The ontologies, which in the context of the semantic web, and more specifically of the OWL 2 specification, are defined as a formal description of a domain of interest formed by entities, expressions and axioms, have formed part of the information access projects we looked at previously. They have also had particular impact on the domain of biomedicine, such as SNOMED-CT and Gene Ontology. More recently, ontologies have been integrated into an ecosystem of the generation and publication of semantically-enriched data, such as knowledge graphs. These artefacts incorporate individual resources expressed in RDF, semantically represented in classes of one or more ontologies and related via properties of those same ontologies. Searches for data are possible thanks to SPARQL services and the application of automatic reasoners to generate inference and validate consistency. The development of knowledge graphs in institutional and corporate environments involves a challenge for functional principles, such as open data and an improvement in the functionalities of artificial intelligence systems, recommendation systems, question-and-answer systems and information recovery tools. The last-minute report Knowledge Graph Industry Survey Report: Data and Analysis on Industry Maturity (2022) shows that the majority of those surveyed as part of the study are in the experimental stage of their journey, and once more, there is reticence on the part of senior stakeholders, who demand immediate results. Early use cases are more related to activities associated with tidying the house of data in the form of data integration, aggregation between a range of sources and the application of data quality norms.
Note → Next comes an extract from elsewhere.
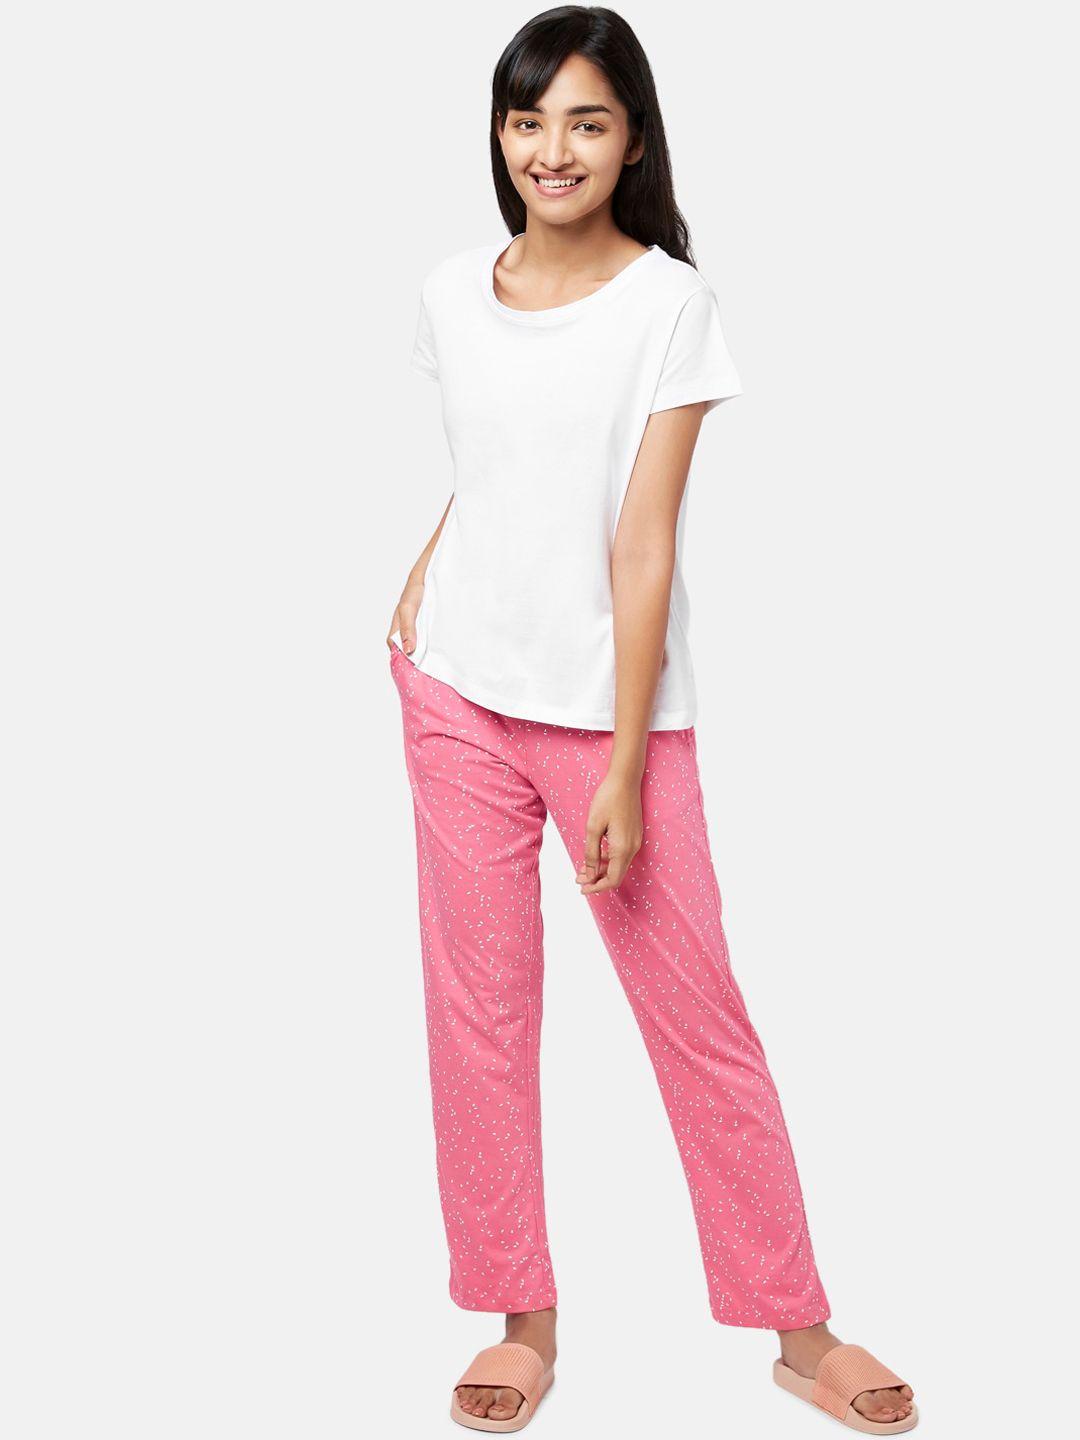 yu by pantaloons women white & pink printed night suit

Is it possible to envisage a "third life" for the technologies of the semantic web? Currently, what is occurring is that which Seneviratne y McGuinness (2023) describe as a "synergetic convergence" between, on the one hand, semantic technologies, which have given rise to the Web 3.0 and, on the other hand, blockchain technologies, which have catalysed the prosperous ecosystem Web3. The use of standardized vocabularies and ontologies allows for interoperability between blockchain nodes, promotes trust and minimizes errors in the exchange of knowledge.

Despite the forecast benefits, there remain underlying challenges and doubts and there are accusations of "buzzword" or "marketing term" usage, even by significant people in the digital communication and information sector, such as Elon Musk and Jack Dorsey.

Time will tell the future of the vision of the semantic web. For the moment, we can state that it has been able to endure for two decades and that it has borne important fruit, if not always perceptibly.

References

Bizer, Christian; Meusel, Robert; Primpeli, Anna; Brinkmann, Alexander (2023, 30 abril). Web Data Commons: Microdata, RDFa, JSON-LD, and Microformat Data Sets. Companion Proceedings of the ACM Web Conference 2023. <https://webdatacommons.org/structureddata/index.html>.

 

ELI TF (2022). ELI ‘Pillar IV’ specification: Protocol to synchronise ELI metadata [online]. Available at: <https://eur-lex.europa.eu/content/eli-register/ELI-Pillar-IV-protocol-specification-v1.0_en.pdf>.

 

Gaignard, Alban; Rosnet, Thomas; De Lamotte, Frédéric; Lefort, Vincent; Devignes, Marie-Dominique (2023). "FAIR-Checker: Supporting digital resource findability and reuse with Knowledge Graphs and Semantic Web standards". Journal of Biomedical Semantics, vol. 14, no. 7. DOI: <https://doi.org/10.1186/s13326-023-00289-5>.

 

Hassan, Bryar; Dasmahapatra, Srinandan (2015). "Towards Semantic Web: Challenges and Needs". International Journal Of Engineering And Computer Science, vol. 4, no. 10, pp. 14585-14588 [online]. Available at: <https://ijecs.in/index.php/ijecs/article/view/2953>.

 

Knowledge Graph Industry Survey Report: Data and Analysis on Industry Maturity (p. 30). (2022). Enterprise Knowledge Graph Foundation; Knowledge Graph Conference.

 

Seneviratne, Oshani; McGuinness, Deborah L. (2023). Web 3.0 Meets Web3: Exploring the Convergence of Semantic Web and Blockchain Technologies [online]. Available at: <https://ceur-ws.org/Vol-3443/ESWC_2023_TrusDeKW_paper_247.pdf>

 

Tjoa, A. Min; Andjomshoaa, Amin; Shayeganfar, Ferial; Wagner, Roland (2005). "Semantic Web challenges and new requirements". 16th International Workshop on Database and Expert Systems Applications (DEXA’05), pp. 1160-1163. DOI: < https://doi.org/10.1109/DEXA.2005.177>.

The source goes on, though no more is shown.